There is recent news of him being declared a martyr-saint in the Catholic Church but people overwhelmingly affirm that he became a saint at the very moment of his death, having lived a life of love and concern for the poor and taking part in their struggles. An oft-repeated saying of Fr. Michael Rodrigo to be gratefully remembered at his anniversary is, “We must be ready to die for our people, if the hour comes and in the moment it comes”.

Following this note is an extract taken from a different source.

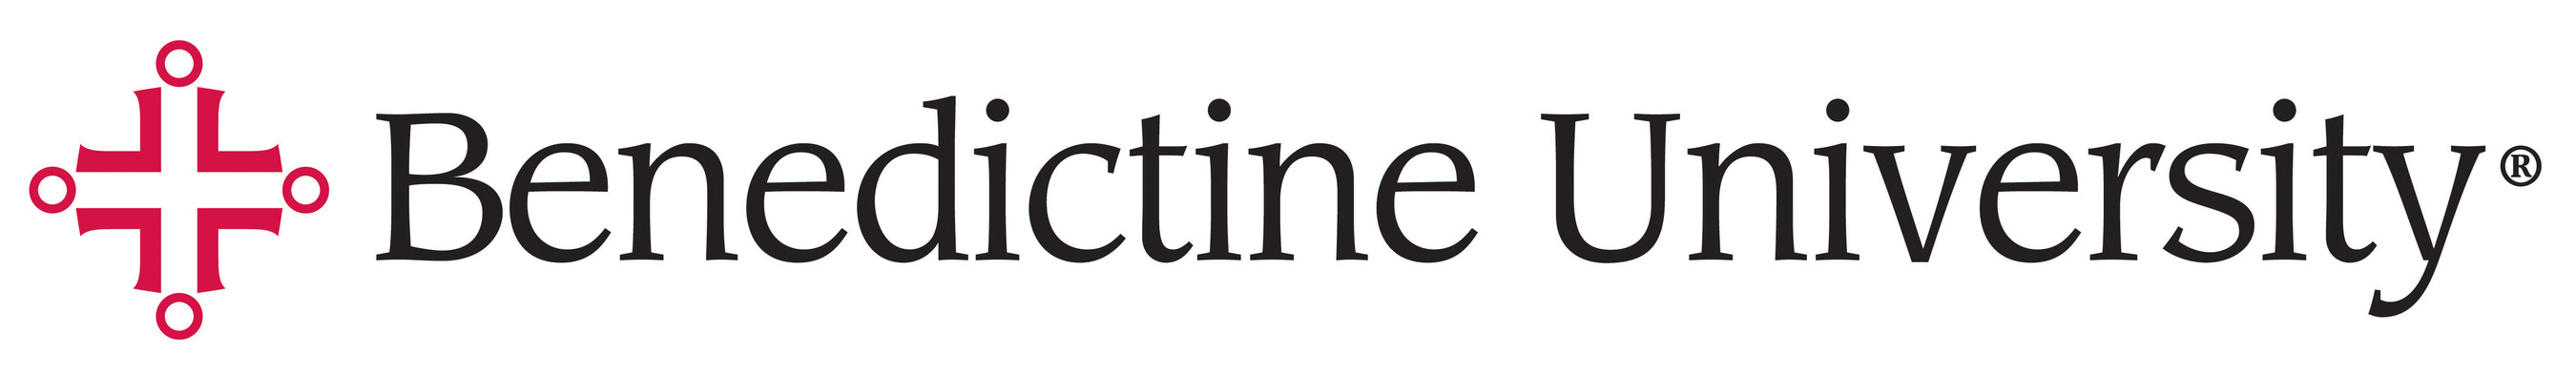 Benedictine University Logo.

His last words have been in reference to Archbishop Saint Oscar Romero of San Salvador who was also gunned down at his altar in March 1980: “If they kill me, I shall rise in the hearts of the people… Let my blood be the seed of freedom and a sign that hope may soon be a reality to them”.

Fr. Michael Rodrigo OMI, our Sri Lankan prophet and martyr for justice continues to be alive in the memory of the people of Buttala. Celebrating his glorious death provides an occasion to renew our commitment to keeping his dream alive and be energised in our work of inter-religious dialogue and action for social justice.